Nowhere to go but up…and then down…and then back up again

When we moved to our current neighborhood I was so excited to run in a new place. It is beautiful, close to the ocean, has a lot of trails and is amazingly quiet. The only thing I didn’t notice is that the place has a LOT of hills. Big ones. Yes, I drove up and down them to get to our house. I guess I never put it together that it meant I would have to run them. Denial maybe?

A few days after our move I went on my first run. And it was hard. And I felt…defeated.

I had to stop more than once. I was pounding water. I was sucking wind. Even felt a little pukey. Ok, a lot. It was if I had never run a mile in my entire life.

I went from runs that looked like this:


To runs that looked like this:


It felt like I was starting all over again. I guess in a way I was. I had to learn to run in a whole new way. I had to do work.

I read articles about shortening my stride, slowing my pace, easing into the hill and then owning it. Most days it felt really sucky. Some days I talked myself out of it all together and headed to flat land. Then there were days that I wo-maned up and felt like a champ. I am pretty sure I looked like I was dying  most of the time but I kept at it.

Weeks went by and those hills that used to own me slowly became my friends. While the runs didn’t get easier,  I no longer had to take midhill breaks (VICTORY!). I could feel myself getting stronger. My pace slowly started to get better and instead of dreading my long runs I embraced the beauty surrounding me.  The sun coming up in the morning is breathtaking when I am able open my eyes and look at it 🙂


Months went by and I saw my race times improve. I had a short distance race on a flat course and felt like I was soaring. It was the hills. They made me a faster, stronger runner.

Love them or hate them they are good for us. Unless you have an injury where in hill training is a “no no” get out there and take on your nemesis. And at that moment when you crest your first mountain put both hands in the air, sing “We are the champions” and feel your strong. You can thank me (or punch me in the face) later.


I have a SUPER SWEET giveaway coming tomorrow. Wheeee! I’m so excited I can barely stand it.

15 thoughts on “Nowhere to go but up…and then down…and then back up again

  1. There is certainly something to be said for all of life’s “uphills” that make us appreciate the “flats” and “downhills” even more. I know I do. 😉

  2. I am horrible at running hills. Thus, why I will be doing ALL my long runs from now until Boston on a very hilly course. I also like to throw in some “hill” work outs on the treadmill.

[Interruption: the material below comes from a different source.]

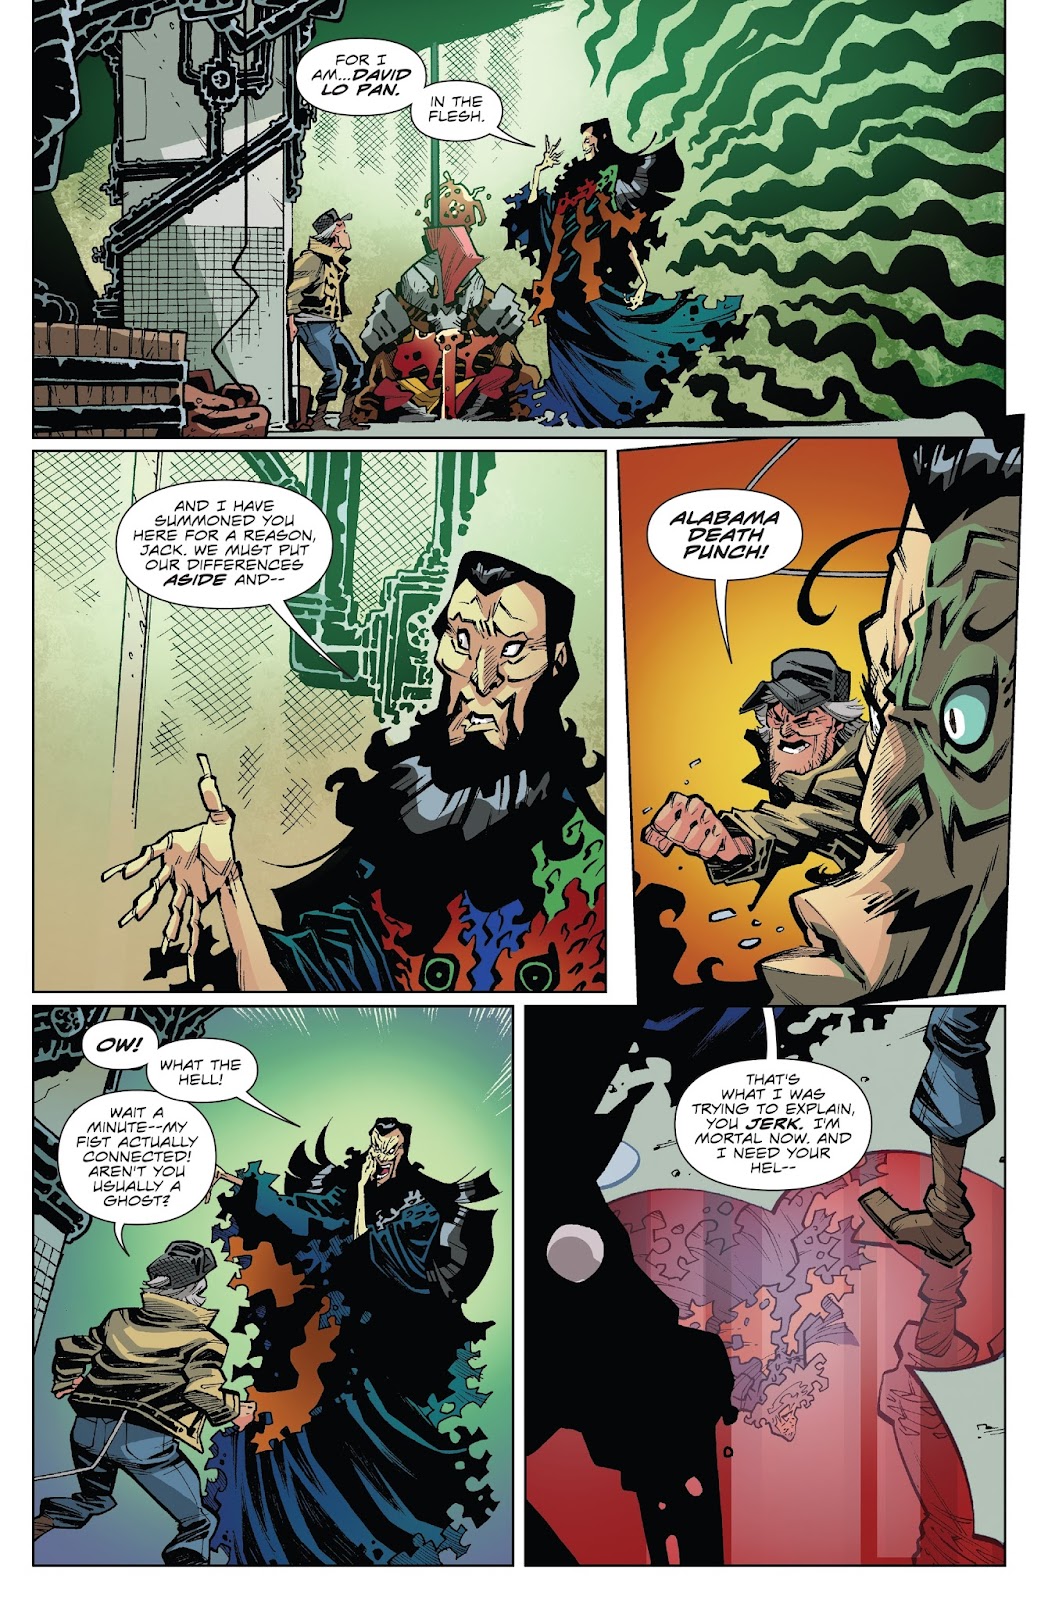 Big Trouble in Little China: Old Man Jack issue 2 - Page 3

  3. I love hills! Ok, I used to hate them, but I love them now. I feel like the engage my legs in different ways and give some muscles a break when I’m going up and others a break when I go down. But whenever I visit my parents in So Cal, the hills surrounding their neighborhood drive me CRAZY! I can’t seem to get out of the neighborhood with at least a half mile uphill run. Hahaha.

    1. Ahhhh, so true. My first mile is a 3% grade uphill from my house. It makes me nuts! But I feel ya on using different muscles. When you get used to hills running on flat for long distances almost feels harder.

  4. Yes, I have a love-hate relationship with hills. It’s pretty cool that during trail races, I can make it up the hills and pass a bunch of people… but they always pass me again on the way down. I can’t go quickly down hills because I’m clumsy and really have to watch my footing!

  5. It’s so flat here in Chicagoland that I even forget to use the hills on my treadmill. Thanks for the reminder.

    It’s killer when I’ve gone to run other places, like St. Louis and all the ups and downs of the river valley.

    Congrats on becoming an even better runner.

  6. I totally agree. I have a love/hate relationship with hills. Lucky for me, I’m surrounded by hills. It’s pretty hard to find some flat land here in Utah. But it definitely does make you a stronger runner & it’ is exhilerating once you reach the top of the hill & you don’t have to stop mid hill to rest or catch your breath.

  7. I love and miss hills…and trails…and running! Your blog is keeping me focused while I recoup from…ahem…foot surgery. Ugh. Learning to enjoy swimming in the meantime, but heart yearns for the dirty, hilly trails and a good sweat!

  8. I had a similar hill b**ch-slap when I moved from LA South Bay to Lake Elsinore. LA basic is really flat. Lake Elsinore/Murrieta/Temecula, not so much. Then moving to Oceanside didn’t get any better. But it does make you stronger and I love that hills don’t really scare me any more (ok, maybe a little if it’s a really steep bugger).